En la planta de fabricación, una oblea que acaba de salir del proceso de enjuague aún no está lista para seguir con las siguientes etapas. Las marcas causadas por el agua, las micropartículas y las tensiones térmicas generadas durante un ciclo de secado inadecuado pueden arruinar el producto antes incluso de llegar a la siguiente fase del proceso. El verdadero desafío no es simplemente eliminar el agua, sino hacerlo con un control total sobre la superficie de la oblea y sobre los parámetros térmicos.
Lo que realmente importa desde el punto de vista técnico Nosotros implementamos un sistema de secado basado en una entrega controlada y rápida de energía. El sistema mantiene una uniformidad térmica en el nivel de la oblea dentro de un rango de ±0,1°C, lo que evita la presencia de zonas calientes o frías que podrían causar problemas en el proceso de fotolitografía. Los calentadores utilizan radiación infrarroja de onda corta y media; además, cuentan con componentes de cuarzo y fibra de carbono para lograr un calentamiento rápido y estable. Esto permite mantener cero generación de partículas durante el proceso de secado, algo necesario para cumplir con los requisitos de las salas limpias de clase 1–100. De este modo, se obtiene un control preciso del ángulo de contacto y superficies libres de residuos, en cada ciclo de producción.

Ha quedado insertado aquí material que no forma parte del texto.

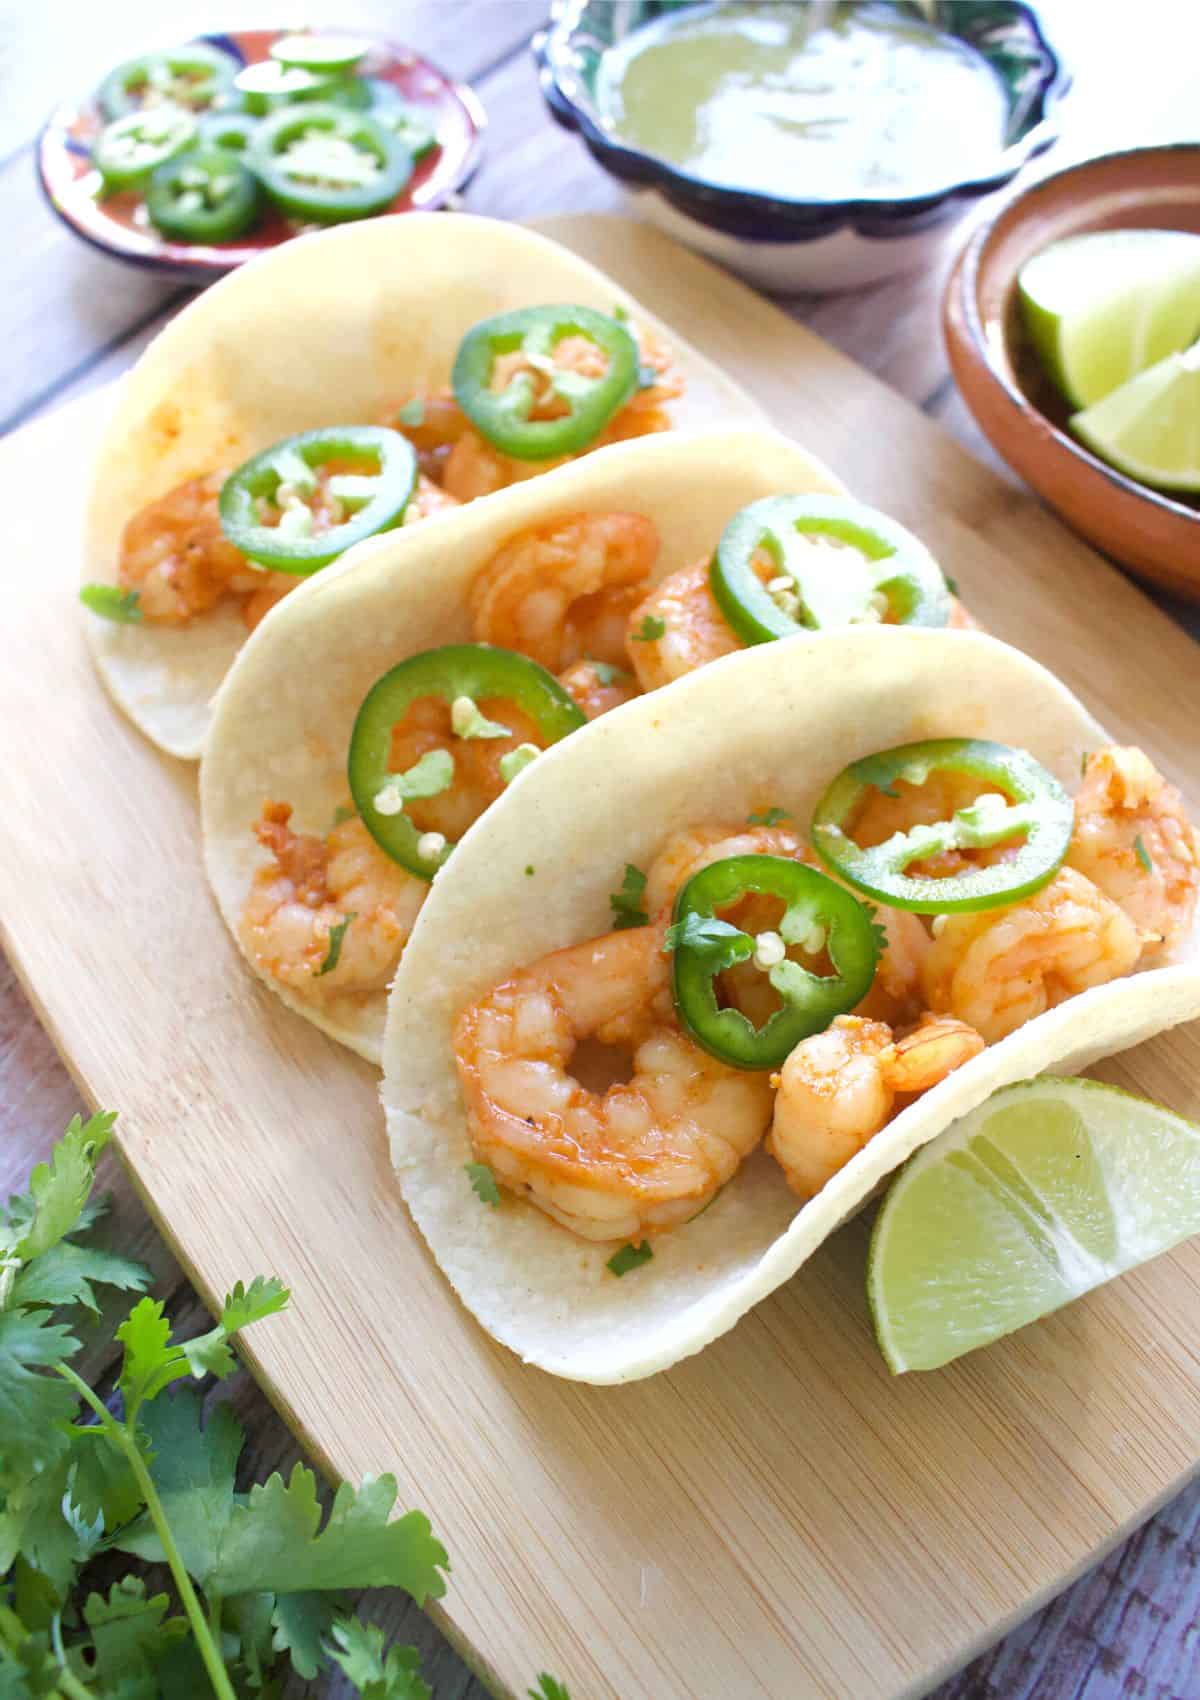 Tacos de Camaron (Shrimp Tacos) - Mamá Maggie's Kitchen

Por qué esto se adapta al flujo de trabajo Después del lavado, la oblea debe ser procesada mediante litografía o secado sin ninguna contaminación, y sin que existan problemas térmicos que afecten su calidad. Nuestro método de secado se integra directamente en el sistema de procesamiento, manteniendo unos parámetros de secado consistentes y predecibles. Esto permite obtener tiempos de ciclo predecibles, menos desperdicios debido a marcas causadas por el agua o partículas, y un funcionamiento estable. Además, como el control de temperatura es rápido y preciso, el consumo de energía se reduce, lo que a su vez aumenta la eficiencia del proceso.
Detalles prácticos Al instalar el sistema, es necesario adaptar la extracción de gases y el flujo de aire en la cámara al nivel de potencia del calentador, para que el punto de ajuste se mantenga estable bajo carga. Las interfaces son compatibles con las normas SEMI, pero aún así es necesario adaptar la masa térmica del sistema para evitar excesos de temperatura. Se recomienda realizar pruebas iniciales para ajustar las velocidades de calentamiento y los tiempos de secado según las características específicas de la oblea.